Vóór dat we zover waren, werden we gestoord door voorbijgangers en was alles voorbij. Wat een anti-climax. We zijn toen maar weer teruggeslenterd om de anderen weer te op te zoeken. Ja, de eerste schreden op het sekspad waren toen nog een stuk moeilijker dan tegenwoordig. Maar dit terzijde. M'n vader zat er intussen maar mee.

Iets wat ook nog wel negatief op de gemoedsrust van m'n vader zal hebben gewerkt waren de juist in die periode 1956 - 1963, gepleegde nogal sinistere moorden op De Wallen, die jarenlang de kranten-kolommen vulden. Moorden op Magere Jossie, Chinese Annie, Zwarte Truus en nog een stel die op één na onopgelost bleven. Hij zal die ongetwijfelt geassocieerd hebben met het ruwe leven dat ik tegemoet ging. Want De Wallen en het zeemansleven waren onlosmakelijk met elkaar verbonden.

Maar of hij er nu wel of niet mee zat, het kon niet voorkomen dat er al snel een telegram kwam. Hierin stond, dat ik me op de 22ste bij de hofmeester van de Westland moest melden.

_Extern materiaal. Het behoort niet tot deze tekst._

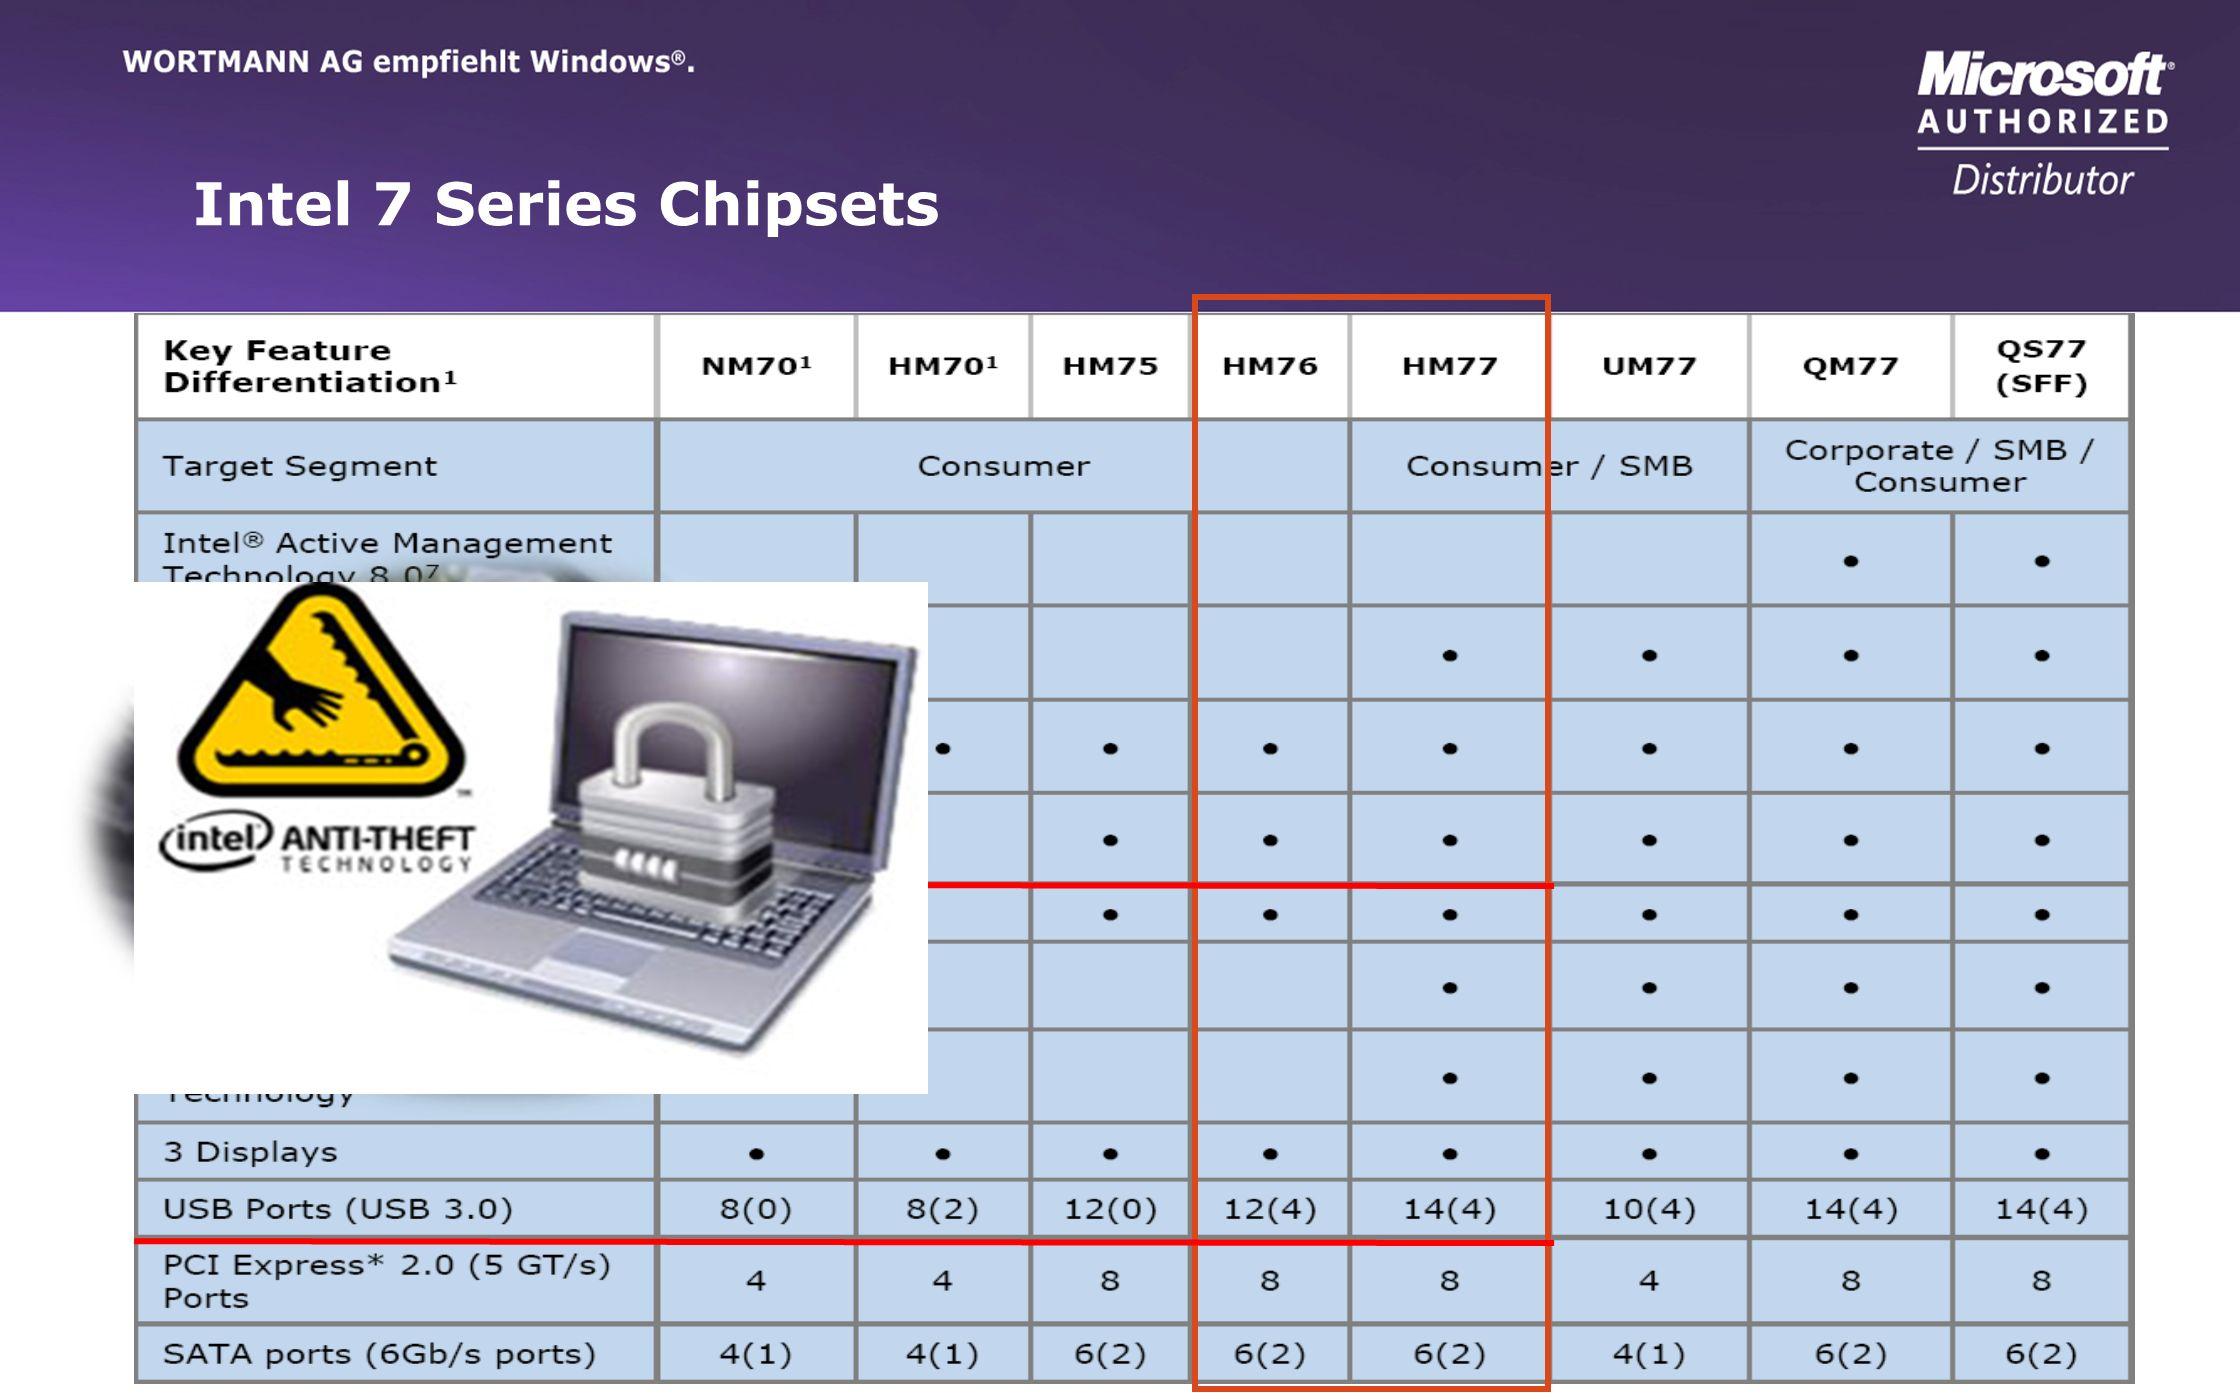 www.wortmann.de TERRA Notebooks - Die richtige Lösung für jede Umgebung TERRA MOBILE UPDATE INFORMATION Q3/Q4 2012

 Precies een week nadat ik naar Amsterdam was geweest. Wat kan een leven snel veranderen.
Heel omstandig werd afscheid genomen en wel duizend keer heb ik moeten beloven toch vooral voorzichtig te zijn en me niet met iedereen in te laten. Zo begaf ik me op 22 april 1960, na een slapeloze nacht overigens, weer naar Amsterdam. Nu zou het gebeuren, eindelijk naar zee.